# What the task requires:
In the copy of the lines below, leave out pictures and print everything else exactly.

# Data shown:
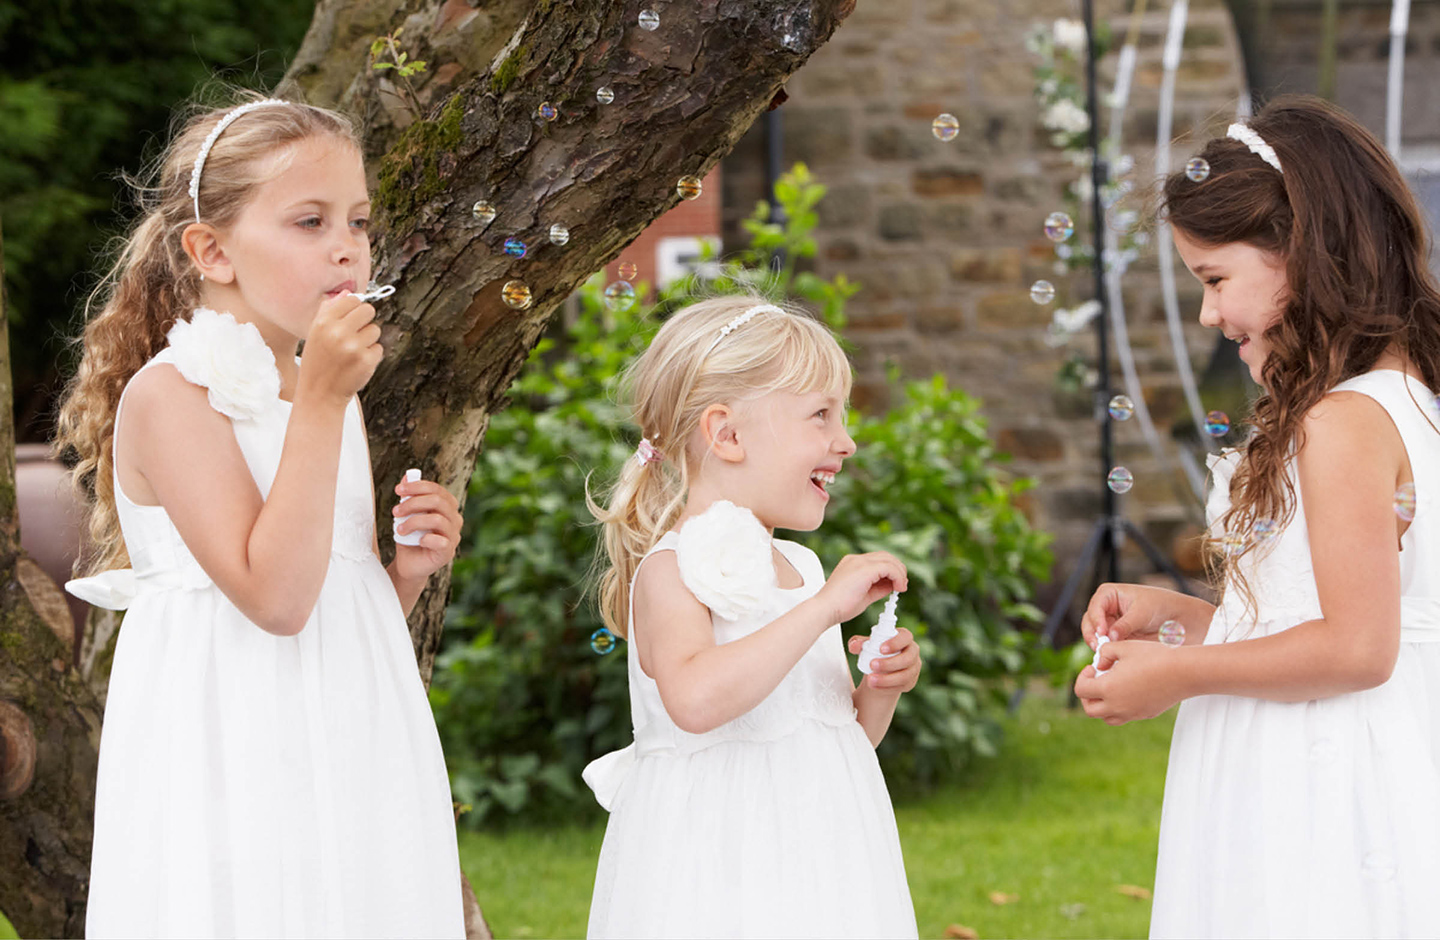 Drei kleine Mädchen, festlich in weißen Kleidern gekleidet, spielen im Garten mit Seifenblasen auf einer Hochzeitsfeier.
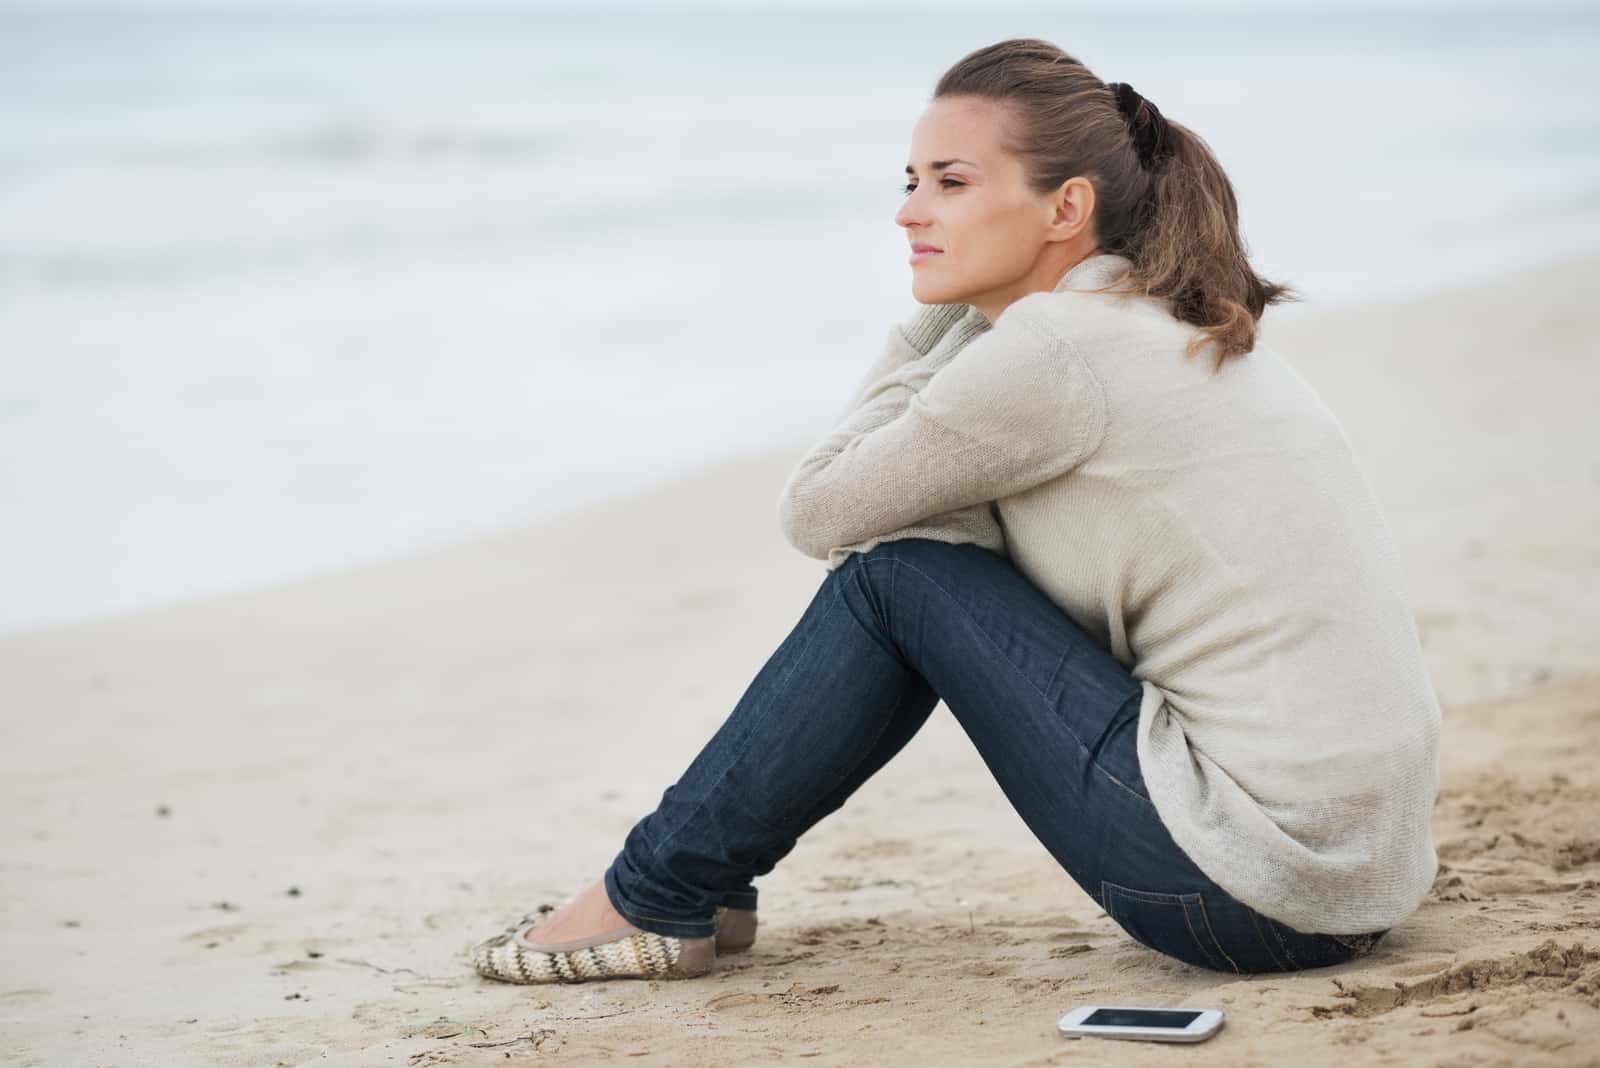 la femme est assise seule sur la plage
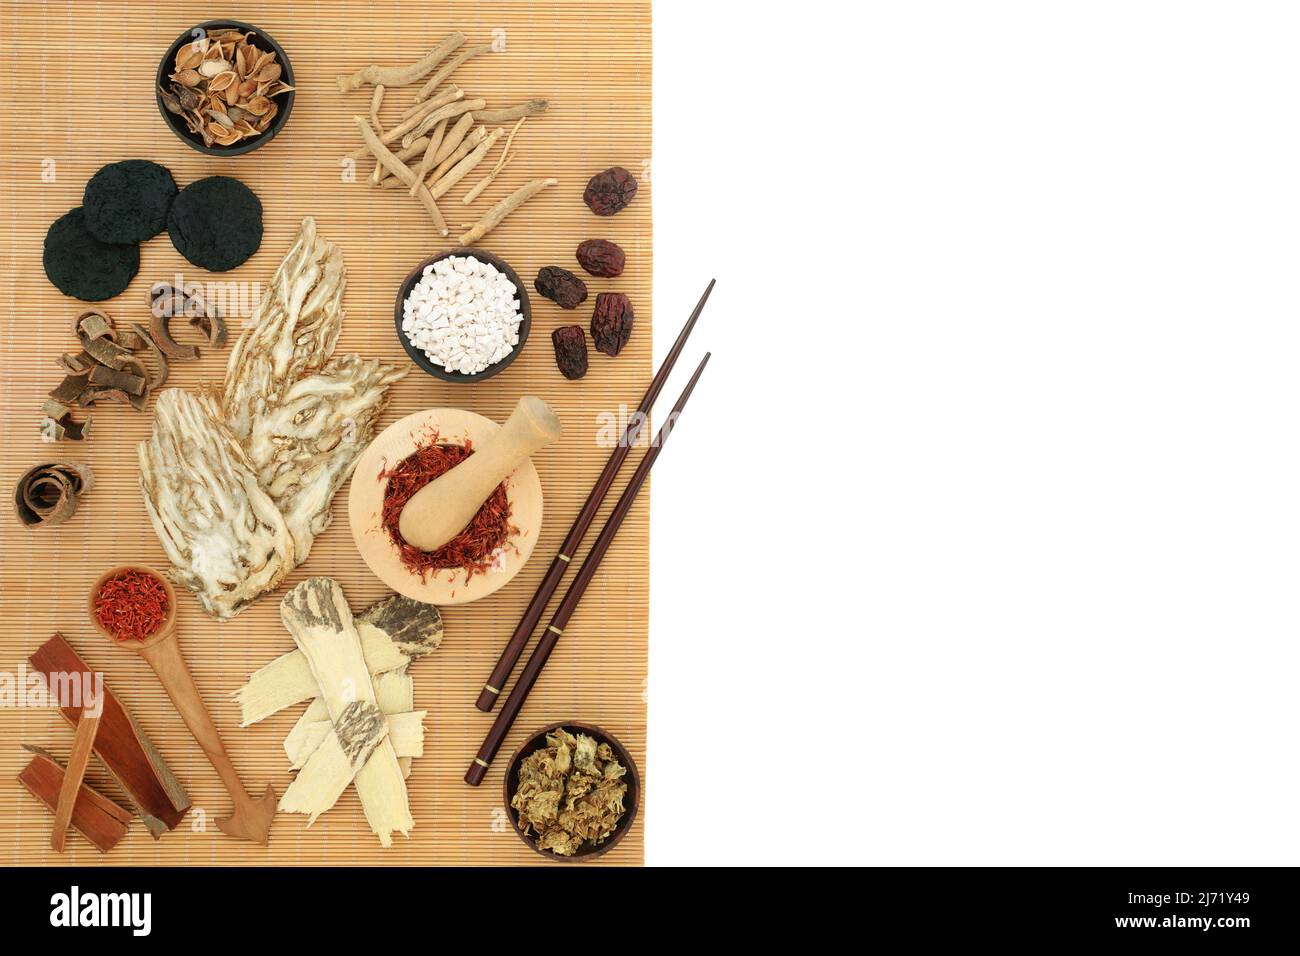 Chinesische Kräuterpflanzenmedizin mit Kräutern und Gewürzen, die in der alten traditionellen Heilung verwendet werden. Natürliches Gesundheitskonzept. Auf Bambus-Hintergrund. Stockfoto

# Answer to the problem:
 Drei kleine Mädchen, festlich in weißen Kleidern gekleidet, spielen im Garten mit Seifenblasen auf einer Hochzeitsfeier.
 la femme est assise seule sur la plage
 Chinesische Kräuterpflanzenmedizin mit Kräutern und Gewürzen, die in der alten traditionellen Heilung verwendet werden. Natürliches Gesundheitskonzept. Auf Bambus-Hintergrund. Stockfoto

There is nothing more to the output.